Adult-life trajectories
In the group with asthma+COPD, the lifetime prevalence of active smoking from age 20 to 68 years was midway between the subjects with COPD and the other less exposed groups (figure 2a). We estimated a monotonic age-related decline in the proportion of smokers for all groups except for COPD, in which it reached the maximum around age 30 years before declining. The proportion of subjects exposed to passive smoking was similar between the disease groups during early adulthood (60–70%), and then it followed trajectories similar to those of active smoking at older ages (figure 2b).
No statistically significant variation in the prevalence of dyspnoea was found with ageing, except for a decrease among subjects with past asthma alone, consistent with their inactive disease status at ECRHS III (figure 2c). All groups except for past asthma showed an age-related increase in the proportion of subjects seen by a physician in the previous 12 months, which became steeper after age 50 years in the group with COPD alone (figure 2d).
Subjects with asthma+COPD had a low lung function when they were young adults, and this condition tracked over their adult lives (supplementary table E6 and figure 3). Their raw FEV1 decline was only slightly faster than that in the current asthma alone and reference groups, whereas a steeper decline was observed for FEV1 % predicted (supplementary figure E3a); raw FVC (figure 3b), FVC % predicted (supplementary figure E3b) and FEV1/FVC (figure 3c) were also accelerated.
We observed the steepest rate of FEV1 decline in subjects with COPD alone (figure 3a and supplementary figure E3a). Their FEV1/FVC was midway between those in the asthma+COPD group and other groups during young adulthood, but then it declined steeply and reached the low level observed in asthma+COPD during the seventh decade of life (figure 3c).
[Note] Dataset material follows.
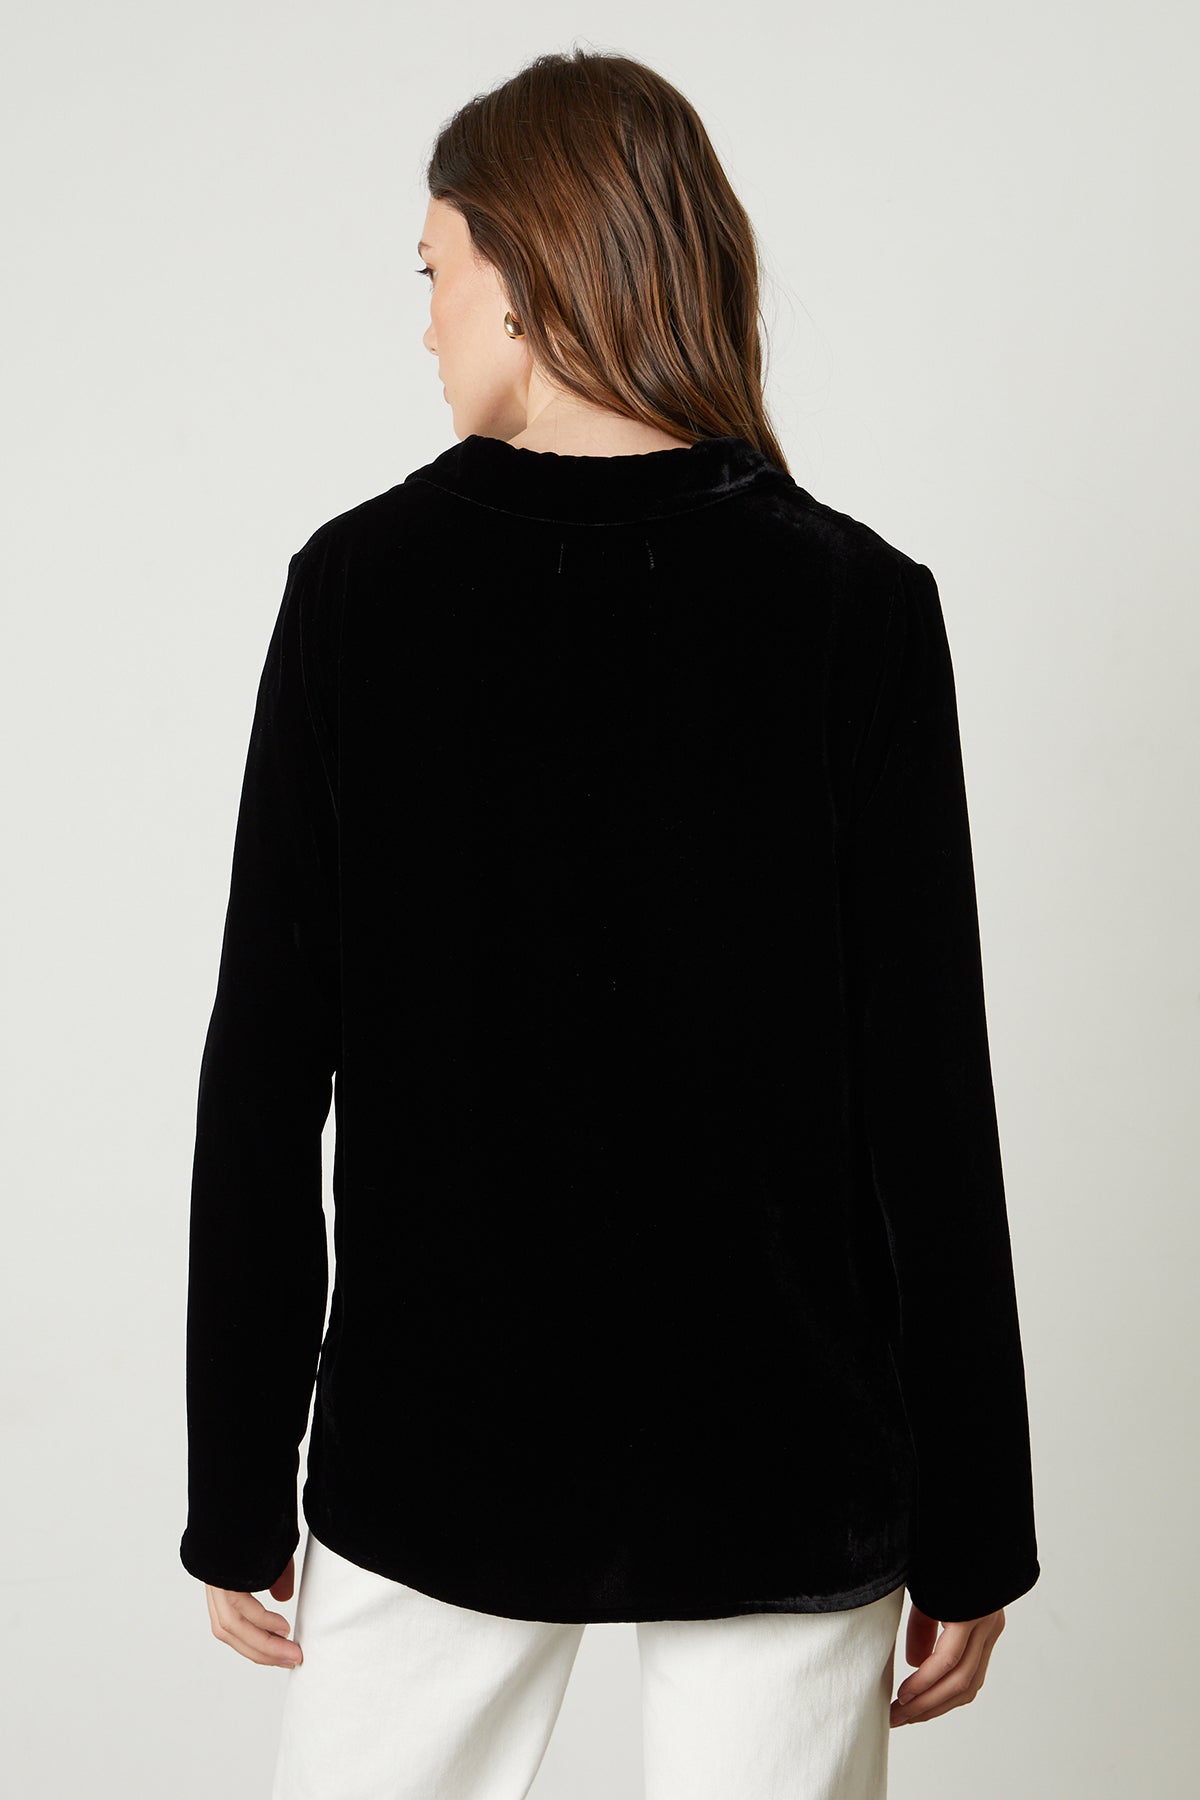 Jordy Silk Velvet Collar Top in black back-25548658409665

Results of the sensitivity analyses were consistent with those from the main analyses (appendix E1, supplementary figures E4–E7, supplementary tables E7, E8).
Discussion
Using data collected prospectively over 20 years from population samples, we found that subjects with both asthma and COPD at age 40–68 years were more likely to report maternal smoking and respiratory infections in childhood, but less likely to have been exposed to tobacco smoking and occupational inhalants during adult life compared to subjects with COPD alone. Estimated past trajectories of FEV1, FVC and FEV1/FVC ratio suggested that low lung function in young adulthood is more frequently observed among subjects who will be identified as having both asthma and COPD later in life, rather than COPD alone. However, a steep lung function decline is more common among adults who will subsequently be diagnosed with COPD alone. We hypothesise that early-life risk factors have a more prominent role in the development of asthma+COPD, whereas exposures during adult life could be stronger risk factors for the development of COPD that does not have features of asthma.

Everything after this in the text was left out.